When he built Ebbets Field, he said, “Later I hope the players will capture a pennant, to make the combination complete.” During his lifetime, he saw two pennants (1916 and 1920) while playing under the field that bore his name, although he never saw a World Series title. The Dodgers did not win a World Series until 1955. Five years after the title (and three years after the team left Brooklyn), his stadium was demolished. The Ebbets Field Apartments now stand on the site.
When he died, his estate was valued at $1,115,257— most of it being in his half ownership of the Brooklyn Dodgers Baseball Club and the Ebbets Field property. His widow, Grace Slade Ebbets, and son-in-law, Joseph Gilleaudeau, were named executors. His will, however, stipulated that his shares in the Dodgers be kept intact and sold as a unit. No buyer of this large block could be found until 1945 when it was sold to Branch Rickey (then president of the Dodgers), Walter O'Malley (the Dodgers’ attorney, who later became president of the club and was responsible for moving it to Los Angeles), and John L. Smith (president of Charles Pfizer & Co.).

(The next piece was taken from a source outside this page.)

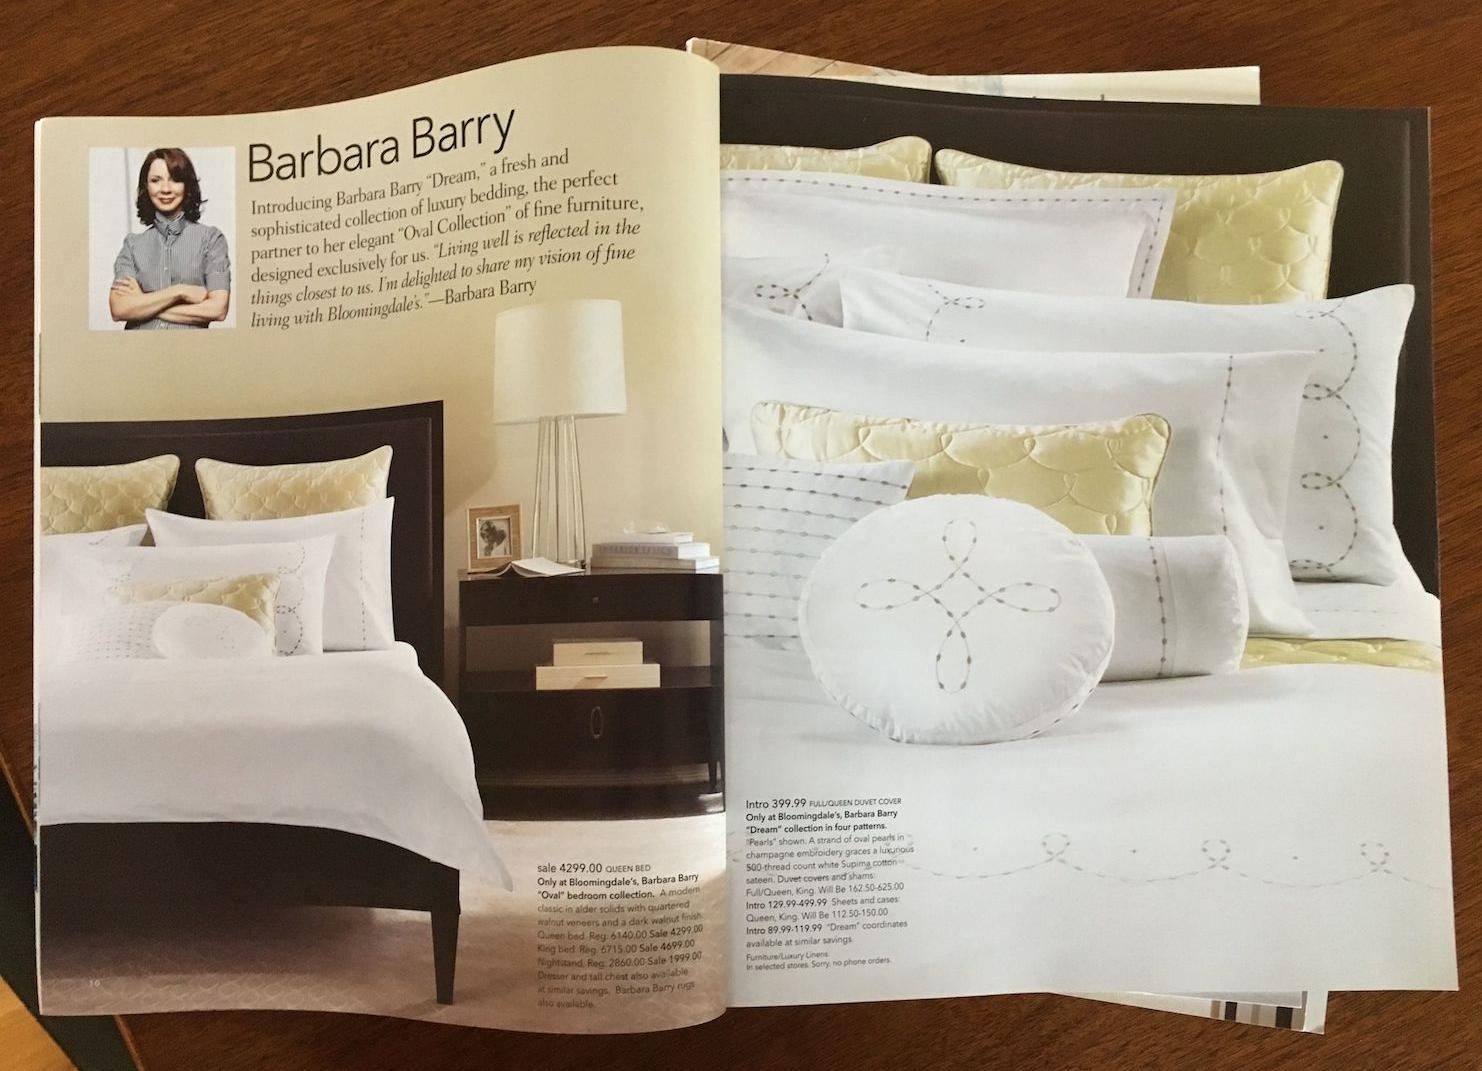 Elle Decor Magazine - Barbara Barry Home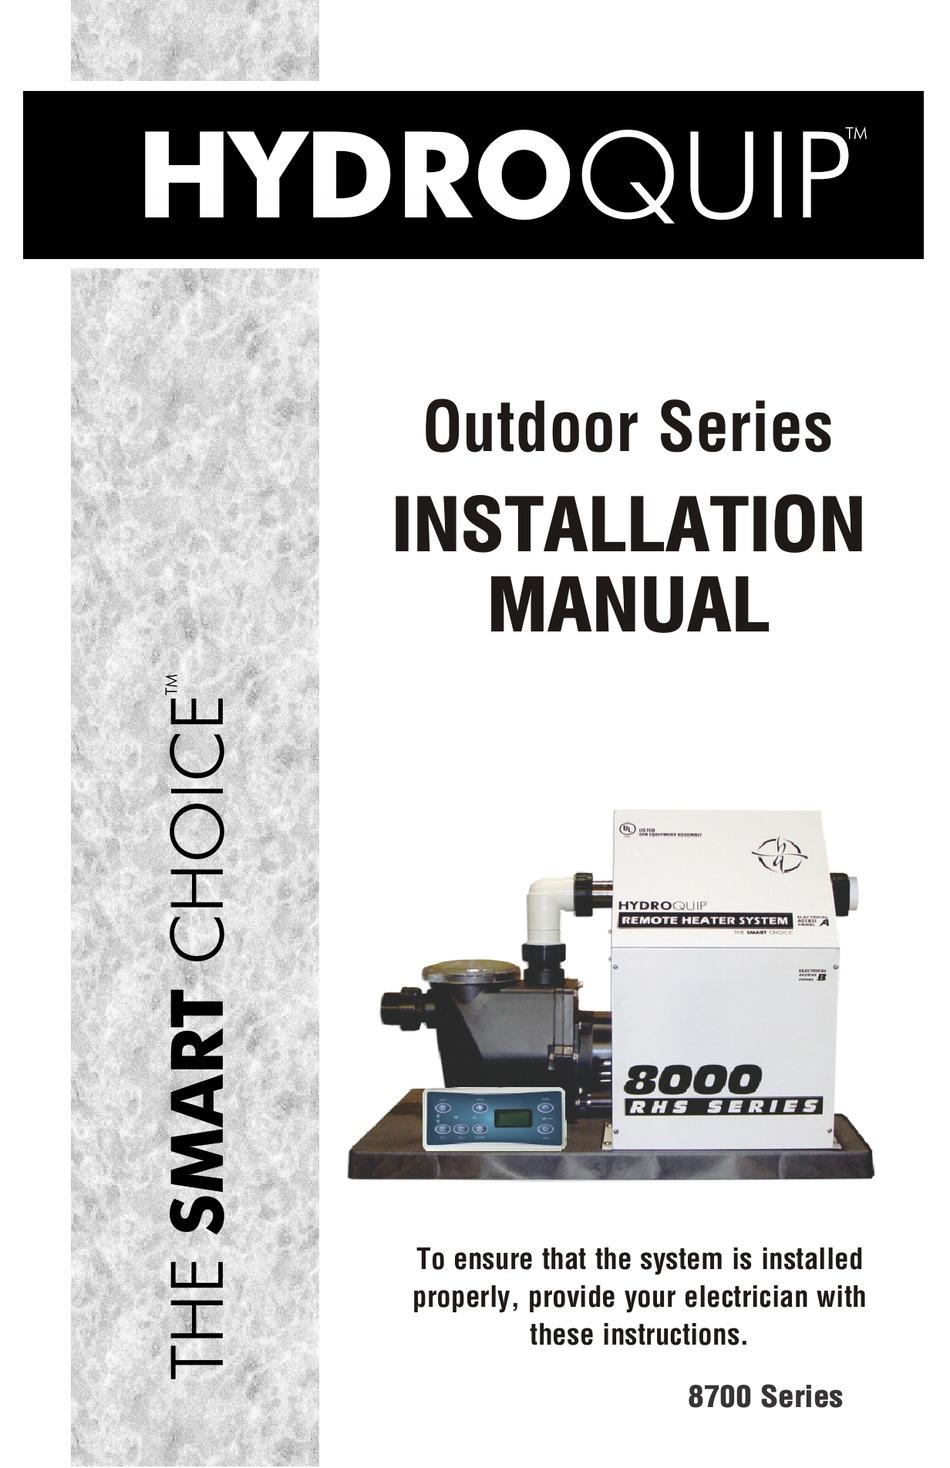 HYDROQUIP OUTDOOR SERIES INSTALLATION MANUAL Pdf Download | ManualsLib | Hydro Quip Heater Wiring Schematics |  | ManualsLib

Further complications arose as the other three of Charlie's children, Charles, Jr., Maie Ebbets Cadore, and Anna Ebbets Booth, contested decisions made by the executors—pitting them in a sibling dispute against their brother-in-law, Joseph Gilleaudeau. The Great Depression in the 1930s also drained resources established for the annual payments intended for his heirs, which ceased in 1933. Settlement of the estate was tied up in the New York Surrogate's Court for nearly a quarter century. It was finally settled on December 14, 1949. His widow, his three daughters, his son's widow, and other heirs (22 in all) divided $838,558.
After Charlie's death, Grace eventually moved out to Long Island, living in a home at 41 Kenilworth Road, Mineola, New York. She died in that home on April 26, 1959. Services were held at Freeport, Long Island, and she was buried at Green-Wood Cemetery on April 29, 1959 next to Charles.